If Nicklaus’s 73 wins happened today, the prize money would be on a completely different scale. Even conservative estimates show the numbers are in another league. The rewards for top players have grown so much that they would be unrecognizable to those who set the original standards.
Nicklaus also recognized that Young is now establishing himself as a closer.
“Winning breeds winning. When you’ve won and then put yourself in that position again, you believe and you’re confident you can win again.”
Nicklaus has a history of making accurate assessments. In 1996, after playing with a young Tiger Woods at Augusta, he predicted Woods would surpass him and Palmer in Masters wins, which proved correct. Nicklaus does not make these statements lightly, and now he has focused his attention on Cameron Young.
Doral itself shows how the sport has changed. The course has expanded from 7,000 yards in 1962 to 7,739 yards today, reflecting the demands of modern players and the institution’s response. The field now includes 72 top players, a significant shift from earlier years.

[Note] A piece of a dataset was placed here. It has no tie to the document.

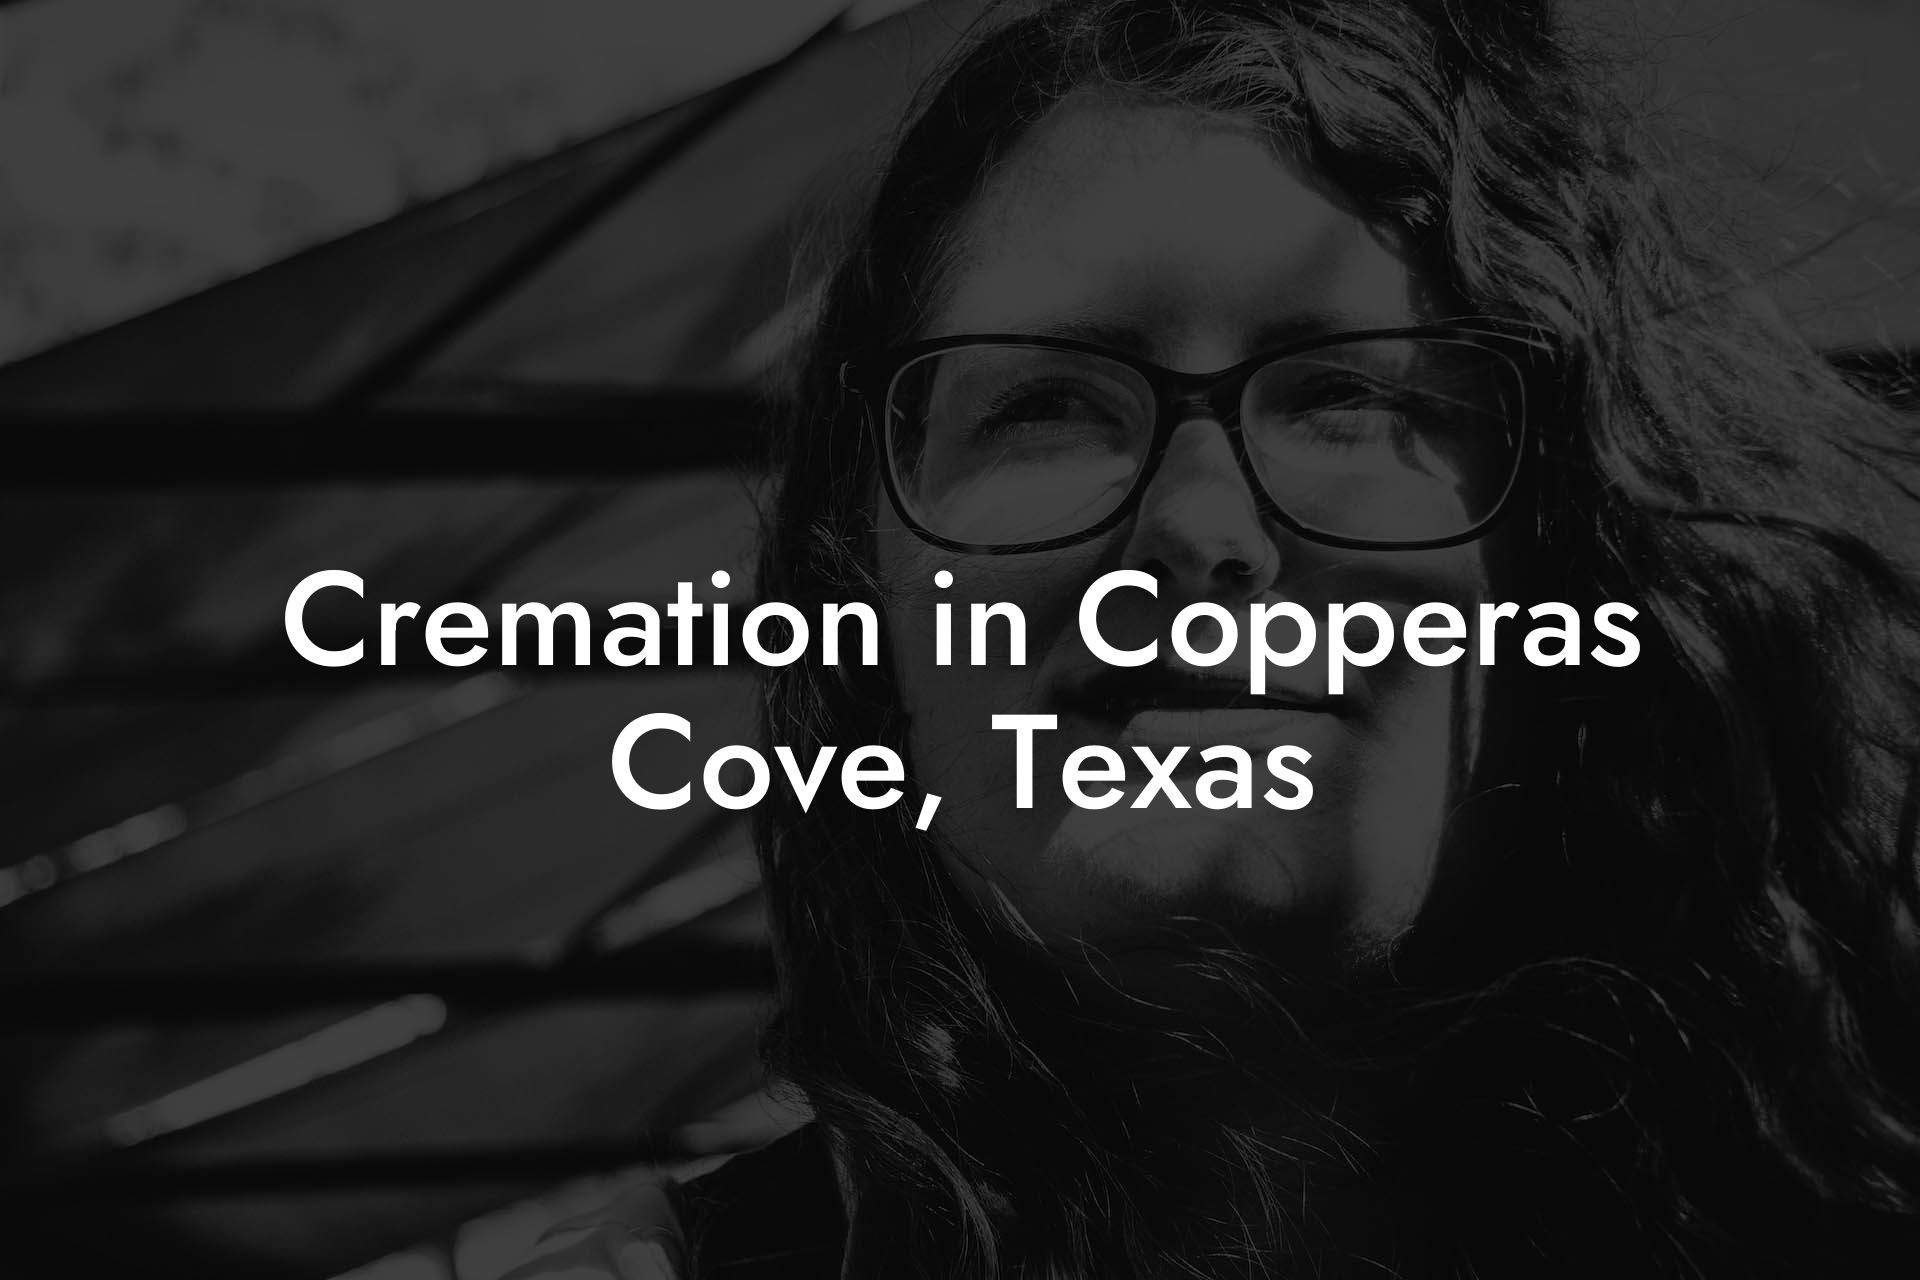 Cremation in Copperas Cove, Texas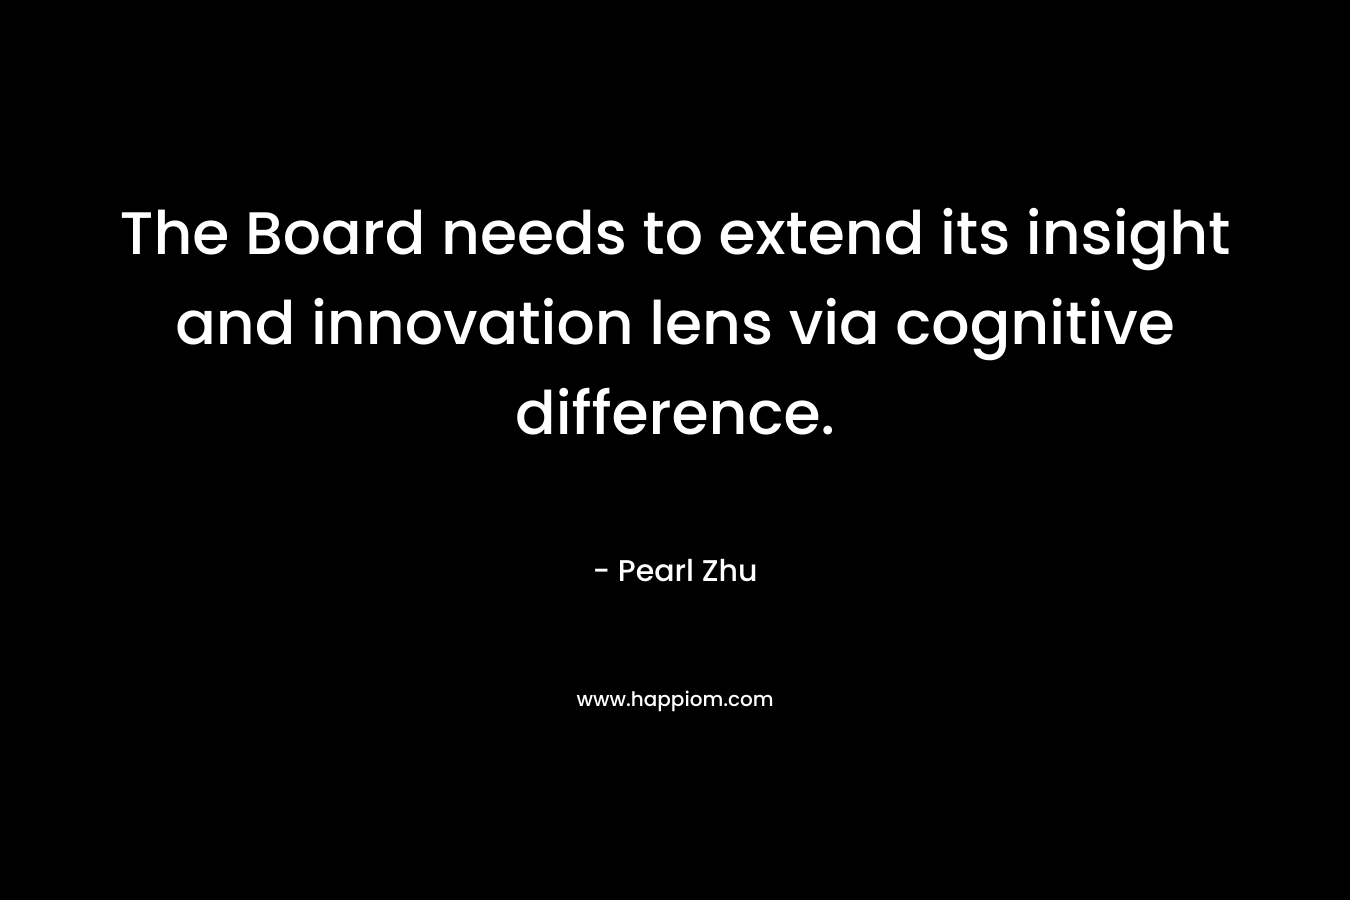 The Board needs to extend its insight and innovation lens via cognitive difference. – Pearl Zhu

The course stands as evidence of the sport’s evolution, something Nicklaus recognizes.
How the PGA Tour’s Signature Event Era Turned Cameron Young’s Two Wins Into a Career
Young’s $8.1 million earnings are not unusual. They are the result of a competition the PGA Tour had to join. When LIV Golf started attracting top players with guaranteed contracts, the Tour answered by launching Signature Events with smaller fields and bigger prize money. Each week, $20 million is available, and The Players Championship offers a $25 million purse.
Now, a player like Young can earn in one spring what used to take an entire career. According to his career earnings profile, Young had already earned over $32 million on the PGA Tour by 2026, and that number will continue to grow as he competes in the biggest events.
What Nicklaus is describing, without quite naming it, is the redefinition of what a great career looks like right now. A player who had to scramble through U.S. Open qualifying last summer is now among the first to win both Doral and The Players in the same season, a distinction he shares only with Tiger Woods. Nicklaus built his numbers across four decades. Young is building his in concentrated bursts at events designed for exactly that.
“Winning breeds winning,” Nicklaus said at the end of his post. He meant more than just the prize money.